"Je gagnais 1.800 euros brut après un bac+8, bon courage pour attirer les chercheurs (à 300.000 dollars l'année) qui veulent fuir Trump"

"La France veut attirer les chercheurs américains qui veulent fuir l'Amérique de Donald Trump? C'est tout à fait louable. J'aime la recherche, donc je suis pour qu'on accueille des chercheurs. Mais je dis "bon courage".
Car penser qu'on va y arriver c'est nier complètement la réalité de la recherche dans notre pays. Le problème, c'est qu'on veut accueillir des chercheurs quand on est en train de détruire la recherche française.
Il faut savoir qu'en 2025, les coupes budgétaires pour l'enseignement supérieur et la recherche sont de 493,3 millions d'euros. Il y a une diminution du nombre de nouveaux doctorants de 10% depuis 2011. Les chercheurs se battent avec des techniques de bouts de ficelle qui ne sont plus utilisées aux Etats-Unis. Il pleut dans les couloirs des laboratoires français, les chercheurs utilisent des techniques des années 80 pour réduire les budgets quitte à mettre en danger la vie des techniciens et étudiants. Et on peut multiplier les exemples.

Il faut comprendre le parcours du combattant que vive les jeunes chercheurs qui espèrent avoir un poste de chercheur en France. Moi, j'avais fait ma thèse après une classe préparatoire et une école d'ingénieur. J'en suis donc à bac + 8 pour m'entendre dire par ma directrice de thèse: "C'est super que ton petit ami gagne bien sa vie, ton salaire de chercheur, ça sera ton argent de poche."
Après avoir fait un BAC+8, on peut espérer être indépendante financièrement quand même. Je n'avais pas fait tout cela pour devoir choisir entre mon indépendance et mon rêve de devenir chercheur. C'était pourtant le message de ma directrice de thèse.
Quand vous avez fait ce bac + 8, vous partez pour 10 ans de postdoc. Qu'est-ce qu'un postdoc ? Un CDD. Donc 10 ans de CDD,ce qui vous emmène vers 36 ans. 10 ans de CDD, où vous êtes obligé de partir au moins une fois à l'étranger. Déjà, il faut que votre conjoint vous suive sans être sure de pouvoir revenir un jour en France.
Et quand vous êtes en capacité de postuler, donc 10 ans plus tard, pour devenir chercheur, il y a un poste pour 250 candidats dans certaines filières. C'est plus du tout une question de mérite, c'est une question de loto. C'est le loto en concurrence avec tous ceux qui ont travaillé comme des dingues pour avoir le droit d'avoir un ticket. Et là, vous espérez être celui qui va obtenir le poste sur les 250 pour un salaire de... 1.800 euros bruts.
Entre 150.000 et 300.000 dollars à l'année
Dans ma spécialité la biologie, un chercheur aux US gagne entre 150.000 et 300.000 dollars à l'année selon les spécialités et l'institution.
Qui va venir en France pour 1.800 euros brut? D'ailleurs les quelque chercheurs qui étaient venus lors du premier mandat de Trump sont d'ailleurs déjà repartis.
Moi, j'ai préféré changer de carrière car je me disais que j'allais avoir trop de frustration. Je ne suis pas à la recherche de l'argent mais c'est une reconnaissance.

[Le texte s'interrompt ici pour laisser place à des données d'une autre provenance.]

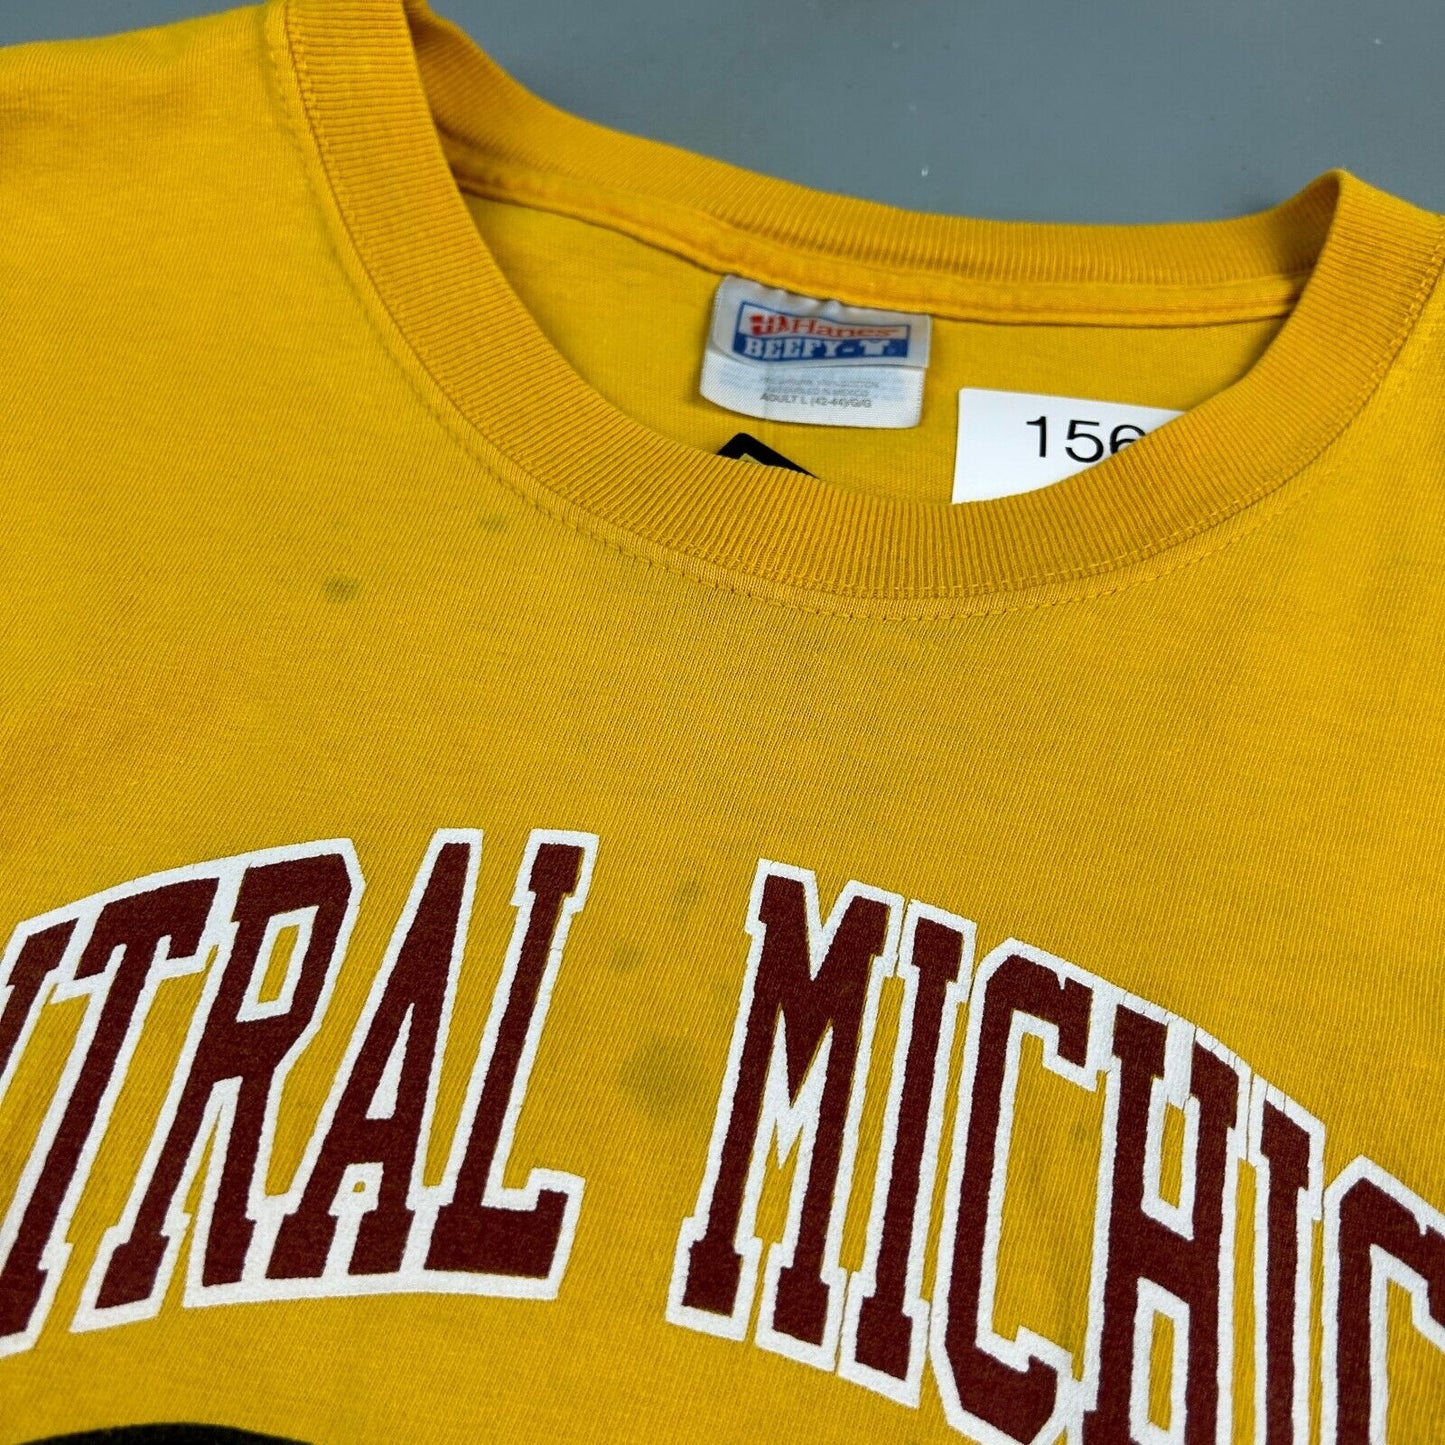 VINTAGE 03' | Central Michigan Champions Basketball T-Shirt sz L Men Adult

J'aurais pu partir à l'étranger mais je ne l'ai pas souhaité. J'estimais que la France m'avait payé mes études et j'avais envie de rendre à mon pays cet investissement en créant de la valeur ici.

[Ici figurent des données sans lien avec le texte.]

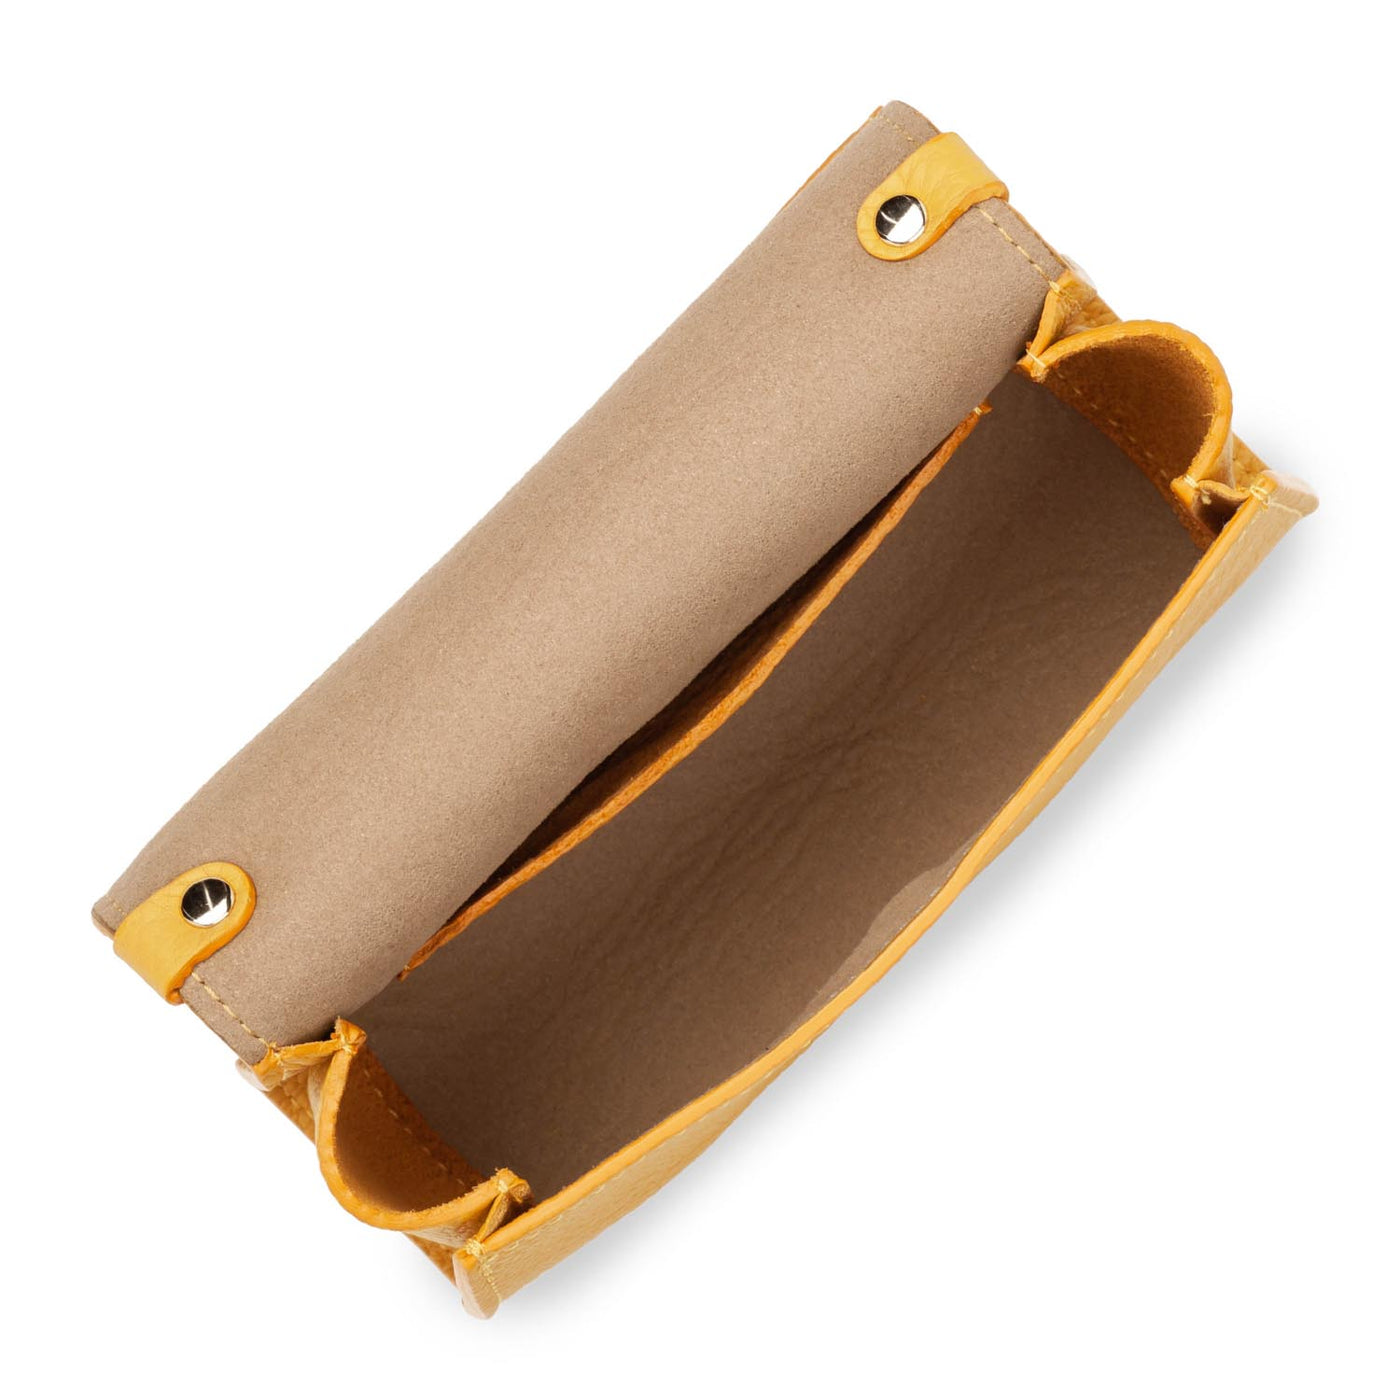 Luxury monogram Bee mini backpack purse hand bag designer Ribbon Porta –  Shopstudio139

Mais le pire, c'est que ces conditions de précarité mettent en partie aussi en danger la santé des chercheurs. Moi, j'ai beaucoup d'exemples de jeunes qui ont fait des malaises d'épuisement, mais qui sont quand même venues travailler au labo le matin parce qu'elles avaient des cellules ou des expériences à faire, qui dormaient sous les bureaux pour pouvoir faire des expériences la nuit. Il y a une jeune femme dans le laboratoire, où moi, j'ai fait ma thèse, qui est décédée à 33 ans. Elle était en CDD de technicienne. Elle est décédée parce qu'elle s'est contaminée, parce qu'elle avait été mal formée à la sécurité.
Alors, quand j'entends dire qu'on fait la danse du ventre pour ramener 30 chercheurs, je trouve que c'est humiliant pour des gens qui ont sacrifié leur vie pour essayer de maintenir le pays avec un certain niveau de science. Car ne l'oublions pas, on n'est rien sans la science."